Recently, I learned from a teacher that the inductive effect of any atom/group is always measured with respect to hydrogen.

Under this definition, we would ideally attach the atom/group with an atom of hydrogen and observe the direction of the dipole moment caused by the difference in electronegativity between hydrogen and the atom/group in question. If the electrons-initially positioned at the middle of the bond-are pushed toward hydrogen, the atom/group is termed as a "$+I$", electron-donating group. On the other hand, if the electrons are pulled toward the atom/group, it is termed as a "$-I$", electron-withdrawing group. Thereafter, this atom/group will always exhibit this type of inductive effect. Even if a situation does arise, in which it appears as though an atom/group that exhibits the $-I$ effect with hydrogen is exhibiting the $+I$ effect with another atom/group, this must be the cause of other dominating effects such as the mesomeric effect and in those cases also, it is said that the atom exhibits the $-I$ and not the $+I$ effect.

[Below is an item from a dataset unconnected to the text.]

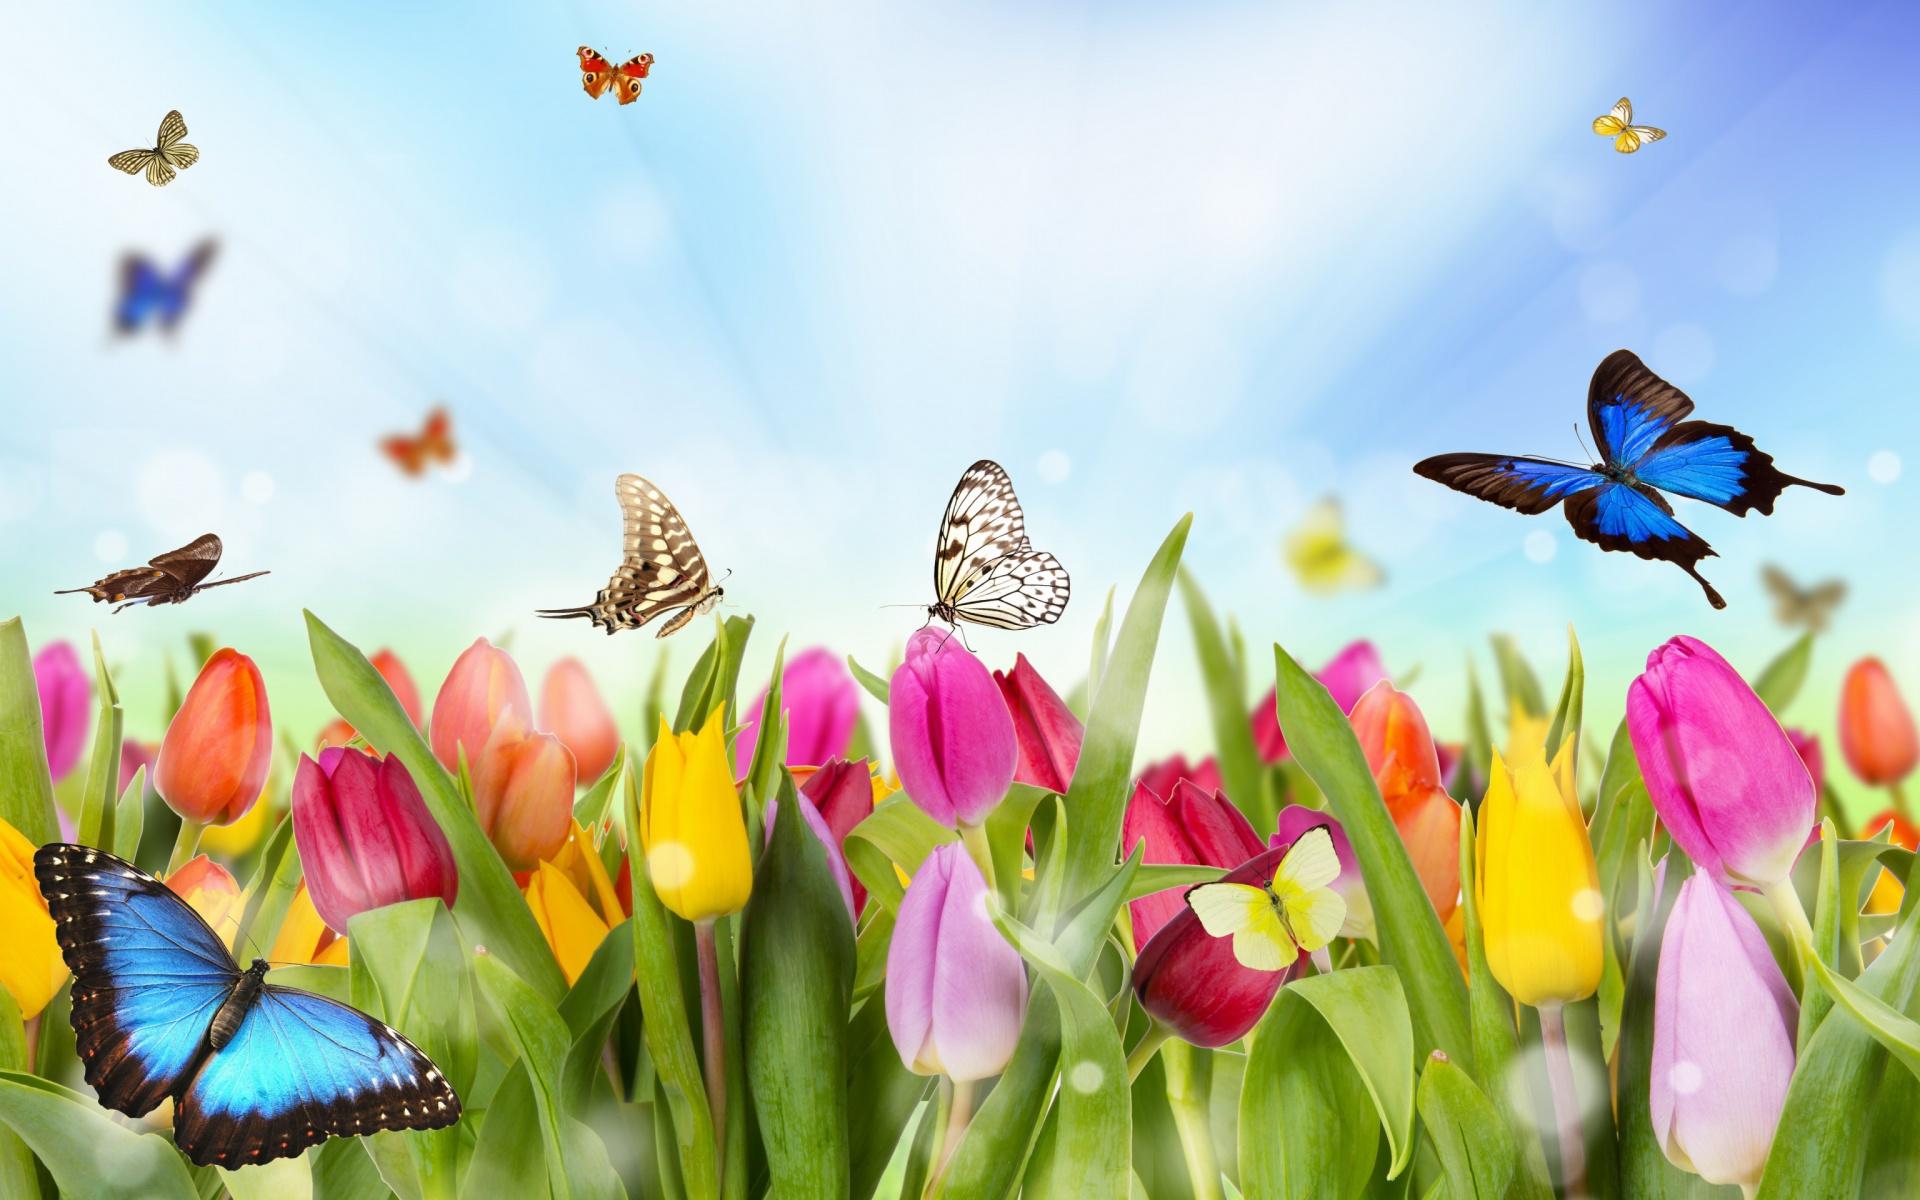 Butterflies and tulip field fondos de pantalla gratis for Fondos para pc gratis

To illustrate the clear distinction between the definition put forward by the teacher and the one on Wikipedia, let us consider a molecule of $\ce{Cl2}$.

Under the definition on Wikipedia, it is clear that $\ce{Cl2}$ is a non-polar molecule (i.e. No permanent dipole moment has been experimentally observed in this molecule). Hence, no inductive effect is in play and neither of the two $\ce{Cl}$ atoms show either the $+I$ or $-I$ effect.

On the other hand, if we work with the definition put forward by the teacher, we observe that an atom of $\ce{Cl}$ exhibits the $-I$ effect when attached to an atom of hydrogen, being more electronegative than it. Therefore, in the $\ce{Cl2}$ molecule, no permanent dipole exists as a result of the $-I$ effect of both chlorine atoms cancelling away from opposite directions.

It appears that only one of these two definitions is definitely correct and I am confused as to which one that is.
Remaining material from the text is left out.